Deciphering Genotype-by- Environment Interaction for Targeting Test Environments and Rust Resistant Genotypes in Field Pea (Pisum sativum L.)

Abstract The objective of this study was to evaluate the genotype by environment interaction using the additive main effects and multiplicative interaction model for seeds yield of pea cultivars grown in Poland.
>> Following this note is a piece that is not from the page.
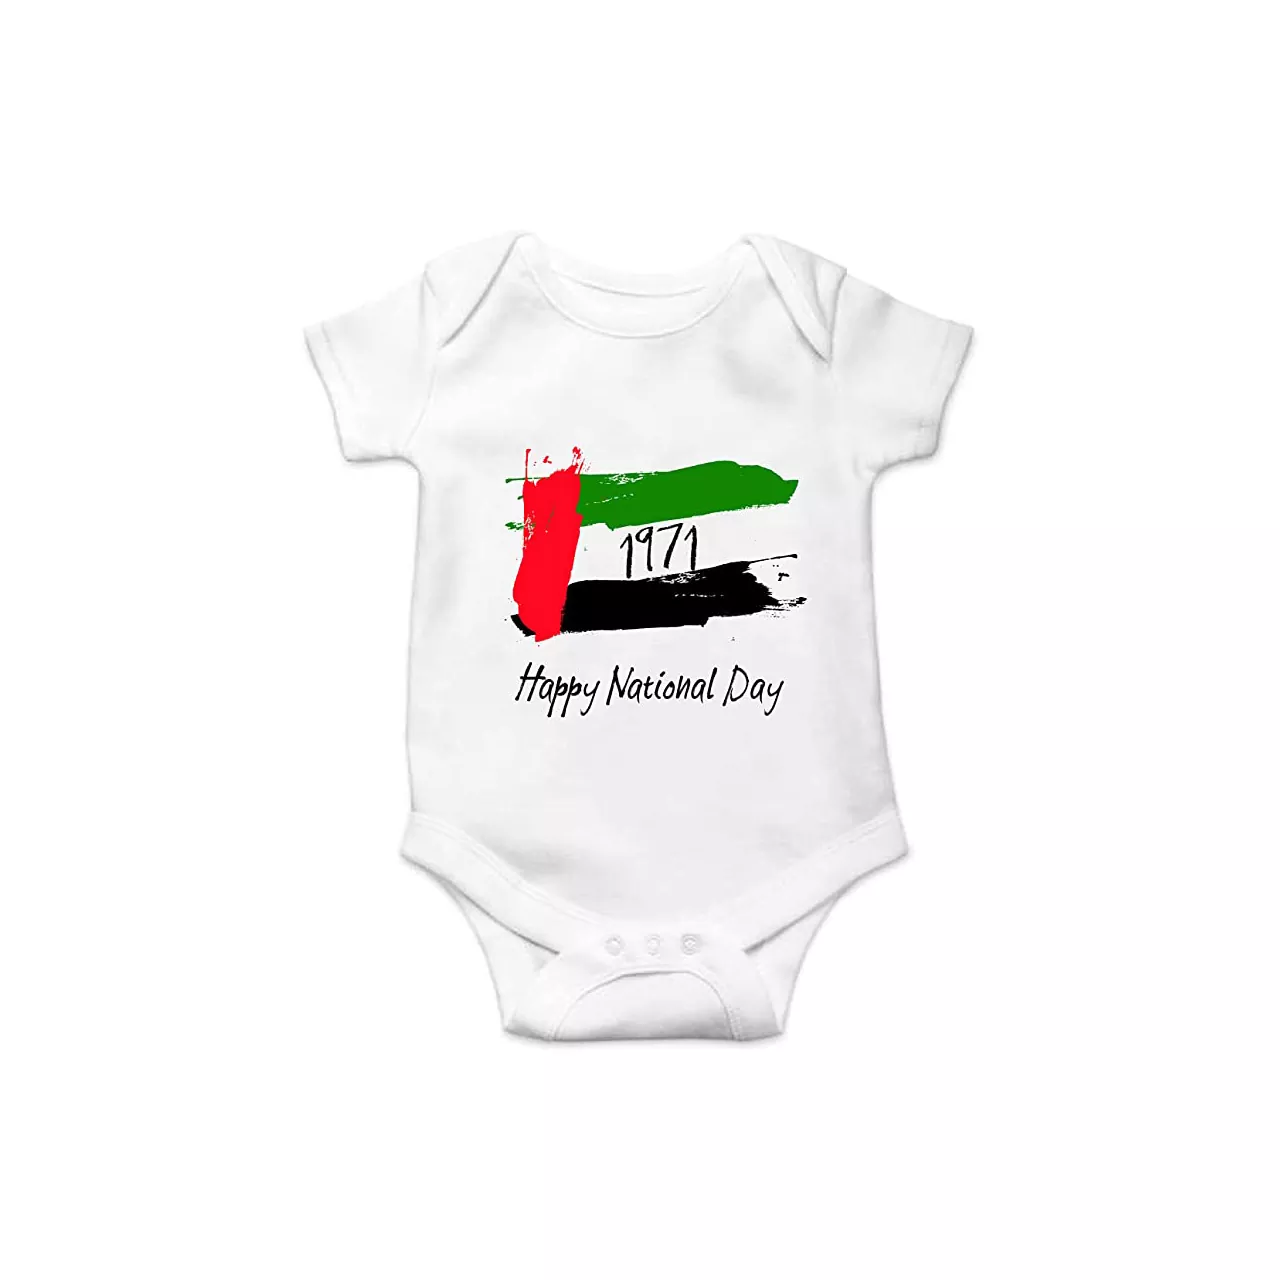 UAE Baby Romper

Twelve pea (Pisum sativum L.) cultivars: Bohun, Boruta, Cysterski, Ezop, Kavalir, Lasso, Medal, Santana, Tarchalska, Terno, Wenus and Zekon were evaluated in 20 environments (ten locations in 2 years). The experiment was laid out as randomized complete block design with three replicates. Seeds yield ranged from 26.10 dt ha−1 (for Wenus in Radostowo 2011) to 79.73 dt ha−1 (for Lasso in Słupia 2010), with an average of 50.70 dt ha−1. AMMI analyses revealed significant genotype and environmental effects as well as genotype-by-environment interaction with respect to seeds yield. In the analysis of variance, 89.19% of the total seeds yield variation was explained by environment, 1.65% by differences between genotypes, and 8.33% by GE interaction. The cultivar Terno is the highest stability. The cultivar Tarchalska is recommended for further inclusion in the breeding program because its stability and the highest averages of seeds yield.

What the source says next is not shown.